Wikipedia continues to be plagued by a series of high profile malicious edits. Unfortunately, many of these edits aren't necessarily malicious. They are just wrong or inaccurate. There are probably hundreds of thousands of inaccurate Wikipedia articles, perhaps just as many hosting malicious edits; but it takes high profile gaffs to affect real change. On the day of Barack Obama's inauguration, Wikipedia reported the deaths of West Virginia's Robert Byrd and Edward Kennedy, who had collapsed during the inaugural lunch. Both reports were false.

This event appears to have compelled Jimmy Wales into being more proactive in improving the accuracy and reliability of Wikipedia. Under his proposals many future changes to articles would need to be approved by a group of vetted editors before being published. For me this news is interesting, particularly as it emerges barely two weeks after Google announced that the 100,000th Knol had been created on their 'authoritative and credible' answer to Wikipedia: Knol. Six or seven months ago the discussions focussed on how Knol was the new Wikipedia, now it appears as if Wikipedia might become the new Knol. How bizarre is that?!

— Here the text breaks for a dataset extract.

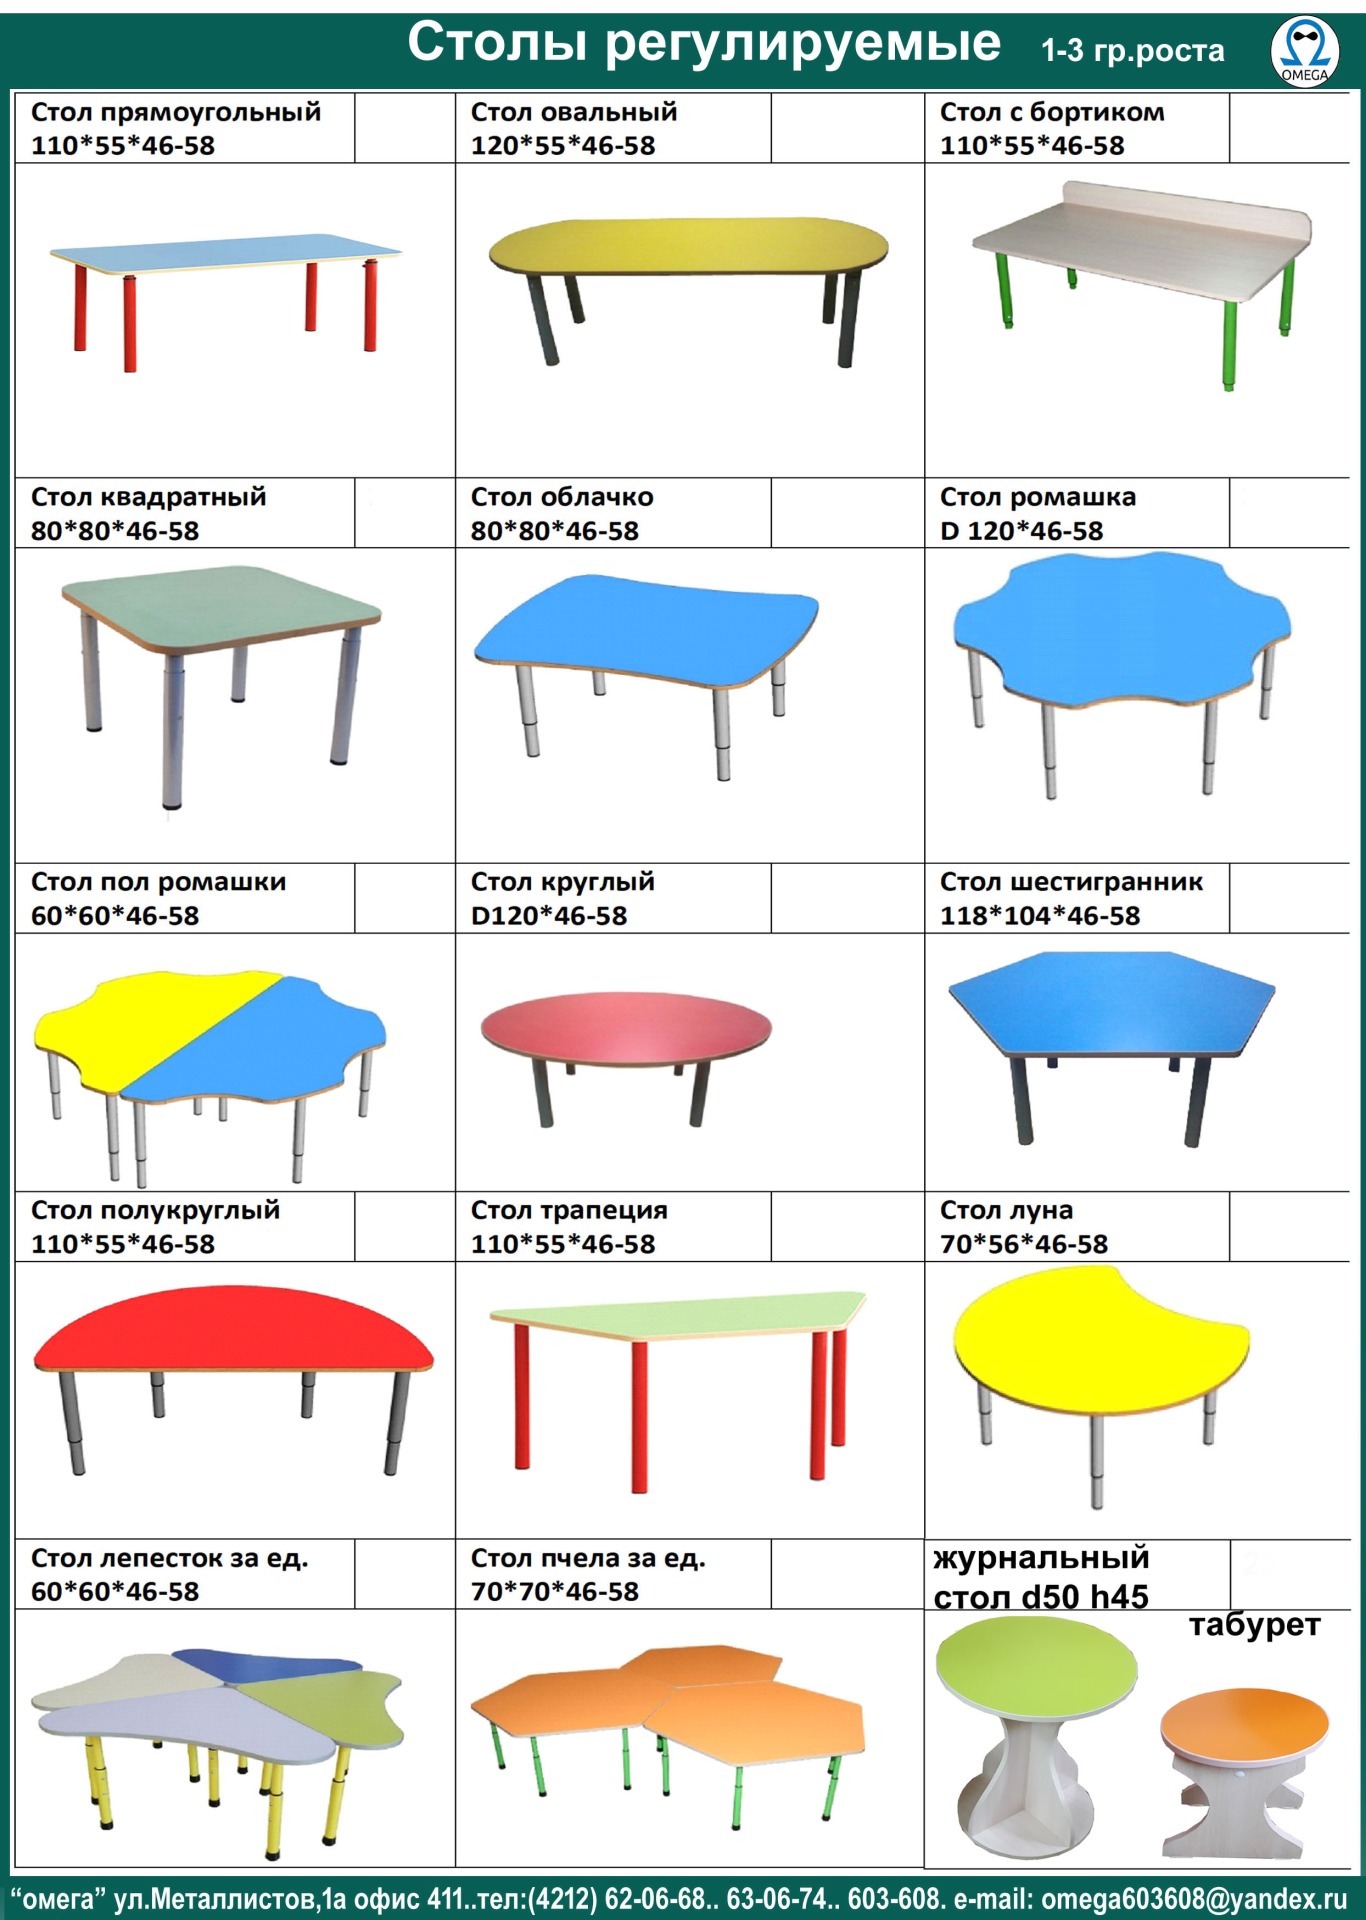 Размер стола в детском саду

Tightening the editing rules of Wikipedia has been on the agenda before and in 2007 this blog discussed how the German Wikipedia was conducting experiments which saw only trusted Wikipedians verifying changes to articles. So, will tightening the editing of Wikipedia make it the new Knol? The short answer is 'no'. Some existing Wikipedia editors can already exert authoritarian control over particular articles and can – in some cases – give the impression that they too have an axe to grind on particular topics. 'Wikipinochets' anyone? Moreover, Knol benefits from its "moderated collaboration" approach, with Knols being created by subject experts whose credentials have been verified. Wikipedia isn't going anywhere near this. Guardian columnist, Marcel Berlins, is probably right about Wikipedia when he states:
"I don't think there's a way of telling what proportion of Wikipedia entries are deficient, whether because of the writer's bias, mischief or lack of knowledge. It's clear that a significant number are questionable, sufficient to lead us to suspect all entries. But to do the right thing - vetting all contributors or contributions - would be impractical and hugely expensive. There is no easy solution. We many just have to accept that Wikipedia's undoubted usefulness comes at the price of occasional - perhaps frequent - inaccuracy. That is a sad conclusion to reach about an encyclopedia."
Oh well, back to verifying random facts found on Wikipedia.